To be prepared for this increasingly mobile environment, IT needs to know what is happening with its workloads and, if they are changing, why. The key questions that should be asked are:

  • How much additional traffic attributable to mobile devices does the infrastructure support today?
  • What volumes should be anticipated in the future?
  • Do you know which applications are subject to unpredictable peaking?
  • How you will manage those peaks when they occur?

These are not simple questions to answer. They require accurate data. Few applications initiated on mobiles are coded in ways where IT can readily separate traditional and mobile interactions and transactions.  

To make matters more complex, many mobile device interactions may start yet may not complete, either because of mobile communications difficulties (increasingly rare) or because of some immediate user inconvenience or even because existing applications, or browser, sessions are still not fully adapted for an increasingly mobile environment.

Some say over 50% of interactions fail because users give up if there is too much of a delay. But for IT, failed logical transactions represent wasted resources that present application design as well as operational issues for resolution.

Understanding what IT resources are being consumed and why is becoming ever more important

This makes identifying which proportion of workloads are attributable to mobile interactions less than straightforward. One illustrative example of such difficulties comes from a Spanish bank that, when asked, said it did not know what effect mobile devices had on its IT and infrastructure.  

If the most complex of organisations, like banks, have difficulty, it is likely other enterprises will have similar or greater challenges working out the processing impact of mobile devices. All need sophisticated tracking tools for this, and even those available may not be sufficient.

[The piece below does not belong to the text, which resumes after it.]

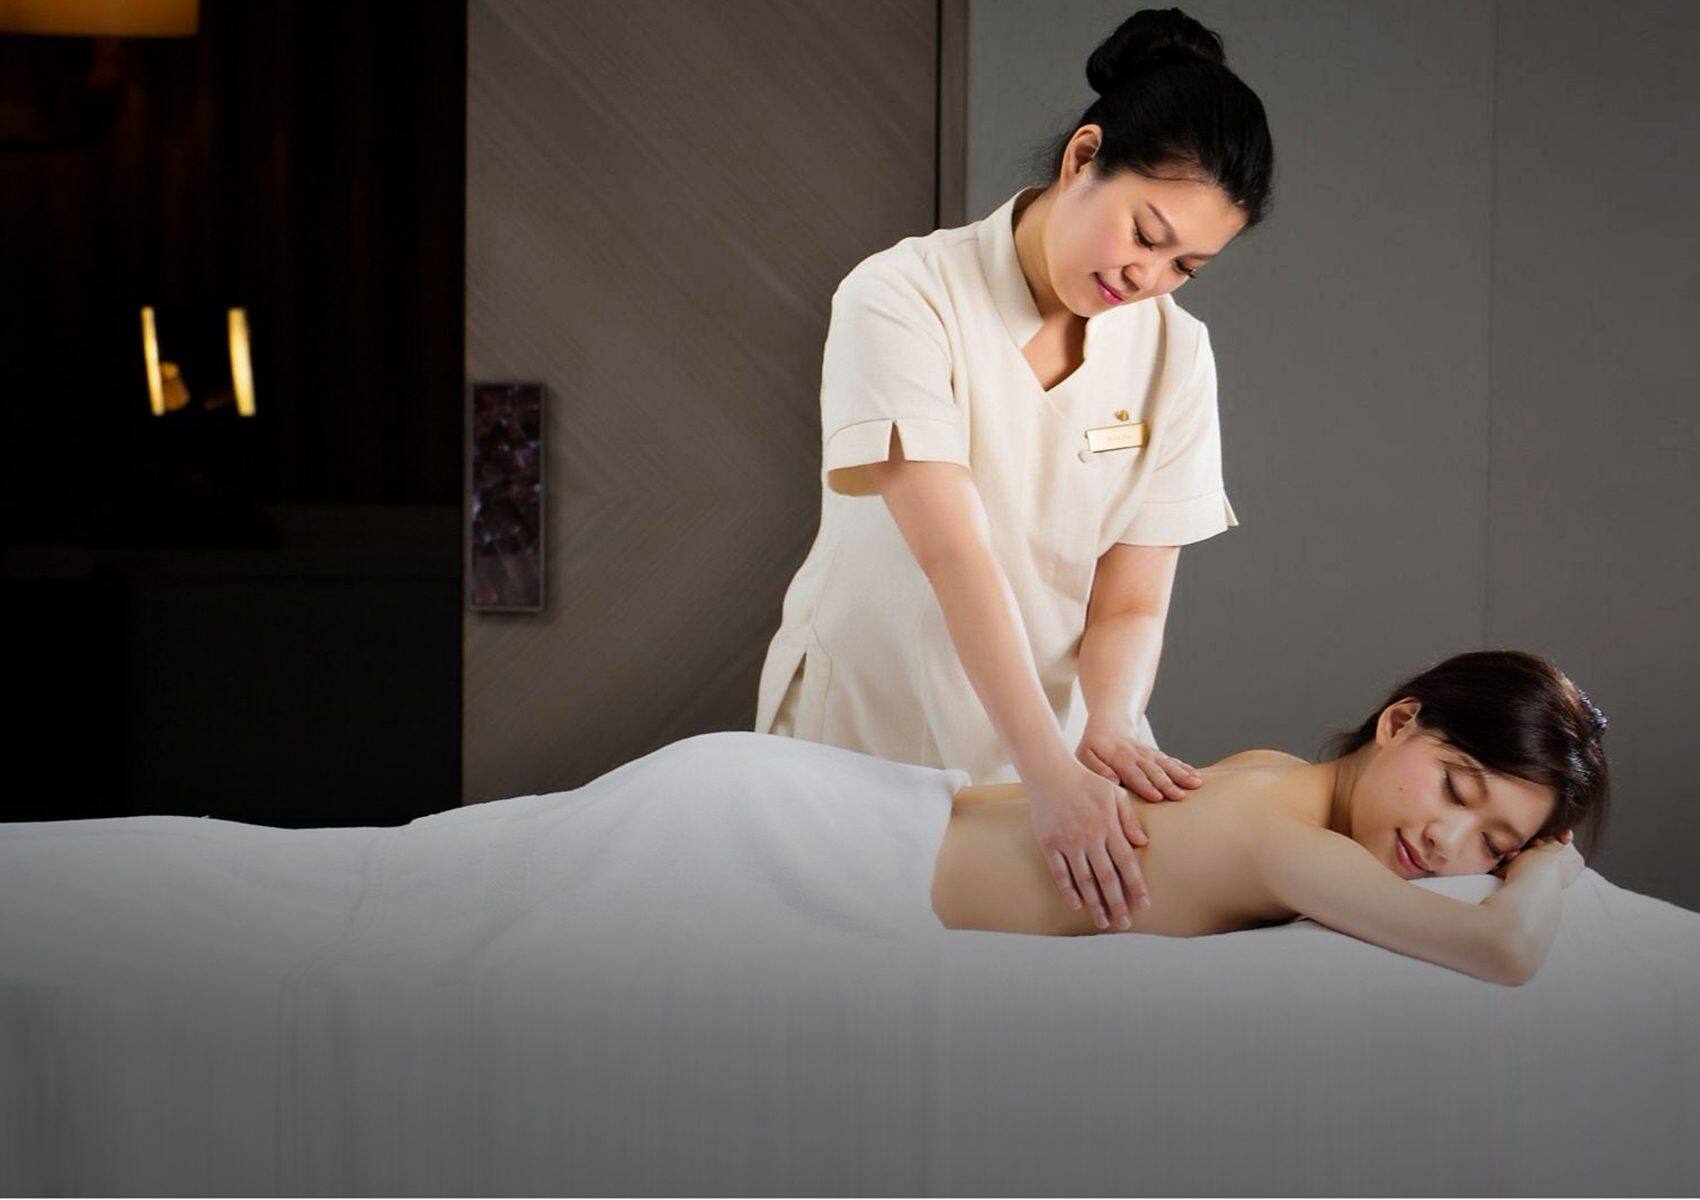 Taiwan Soapy Massage Body To Body Massage Near Me - La Perla

This applies irrespective of platform, with the possible exception of cloud-based backend processing delivered by the likes of AWS or Azure where the monitoring tools implemented may possess the necessary sophistication due to the nature of cloud-based computing. 

Understanding what IT resources are being consumed and why is becoming ever more important. IT needs process consumption baselines so that comparisons can be made. If significant differences emerge these can then be investigated – not least for whether mobile technologies are a cause.

The impact of mobility is an issue that many CIOs will face sooner or later, as traditional IT resources that were expected to be sufficient for years incur unforeseen loads and need upgrades.

For the longer term what seems apparent is that consistent identification of mobile-initiated processing is a necessity, both for negotiating with suppliers and for monitoring what is actually occurring. Undertaking this early IT can be prepared and then be equipped to drive appropriate bargains.